Global Operator Overloads
Peter Alexander
peter.alexander.au at gmail.com
Sun Oct 20 04:15:11 PDT 2013
This seems to have been discussed a couple of times in the past,
but nothing appears to have come of it.
I have read the rationale against global operator overloads
(http://dlang.org/rationale.html) but the arguments are weak. The
first argument is that stylistically, operators belong as
members, and the second is that operators often need private
member access. The first "argument" is just opinion, and the
second is simply false in most cases I can think of. Even if the
second were true, it's not an argument against global operators
since overloads in the same module would have access.
There are at least three benefits to allowing global operator
overloads:
1. Consistency. Operators are just functions with special syntax.
Semantically, there should be no difference between (a + b) and
add(a, b), so why must the operator be a member function of 'a'
while 'add' can be global?
2. Genericity: By restricting operators to member functions, you
cannot define operators that work across a number of different
types.
3. Extensibility: By restricting operators to member functions,
you cannot add operators to types that have forgotten to define
them if you don't have access to the source.

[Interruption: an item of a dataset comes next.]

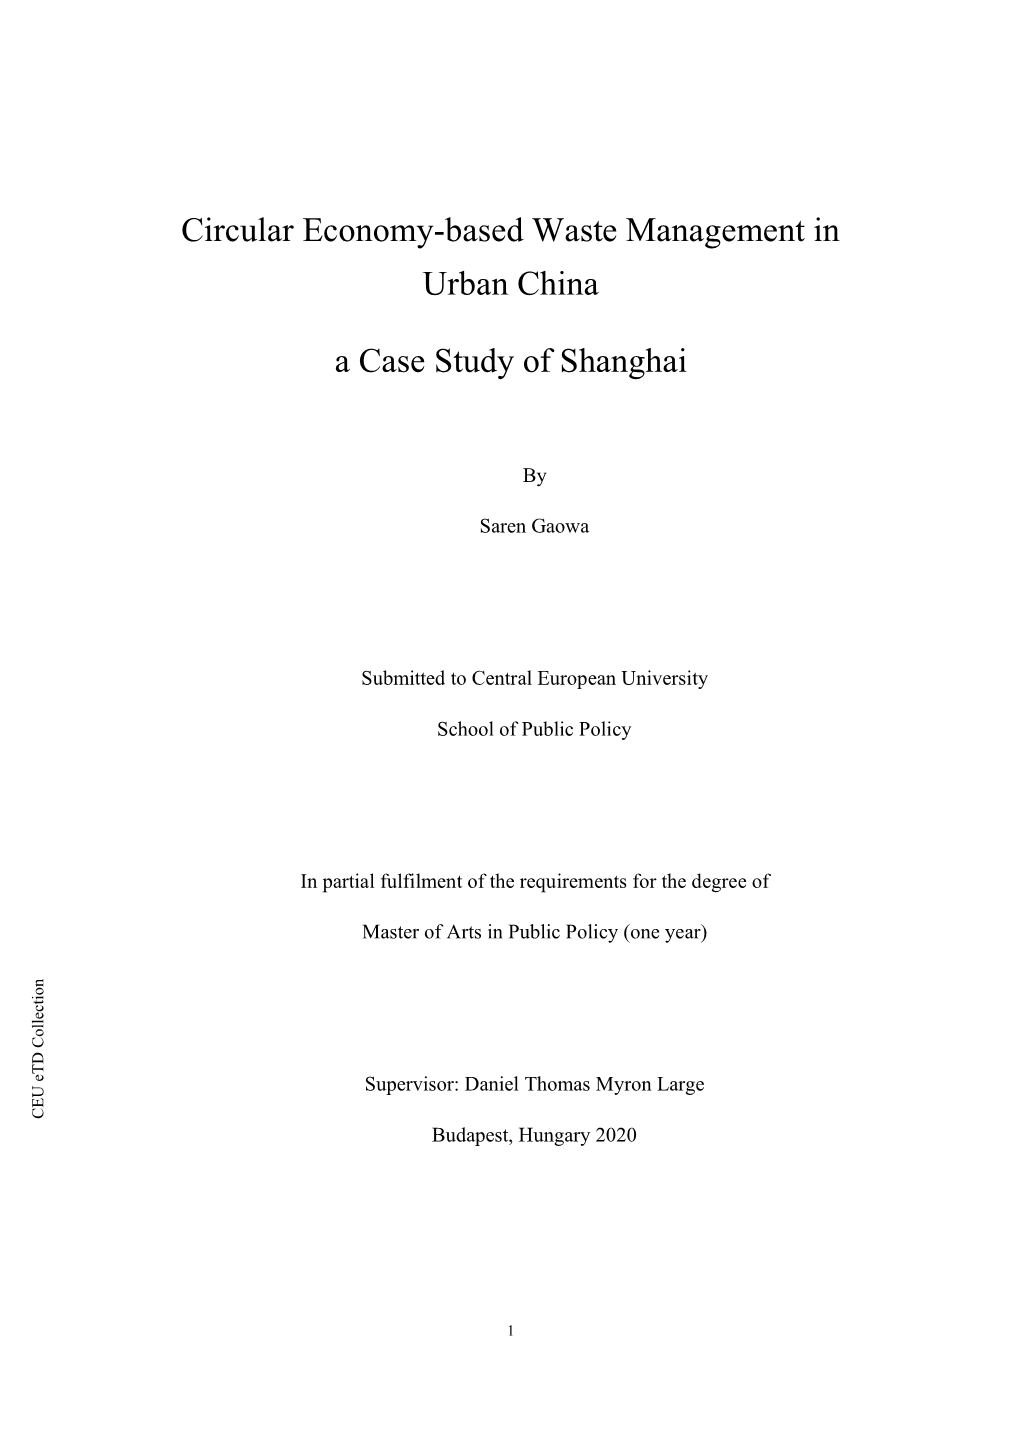 Circular Economy-Based Waste Management in Urban China A

Some motivating examples for genericity:
bool opEquals(R1, R2)(R1 a, R2 b)
if (isInputRange!R1 && isInputRange!R2)
{
return equal(a, b);
}
auto opBinary(string op, T)(T x, uint n)
if (op == "^^" && isMonoid!(T, "*"))
{
return exponentiationBySquaring(x, n);
}
auto opSliceAssign(R, T)(R r, T v)
if (isRandomAccessRange!R &&
hasLength!R &&
is(T : ElementType!R) &&
hasAssignableElements!R)
{
foreach (i; 0..r.length)
r[i] = v;
}
(please forgive any mistakes in the examples, I haven't tested
them or spent too long thinking about them)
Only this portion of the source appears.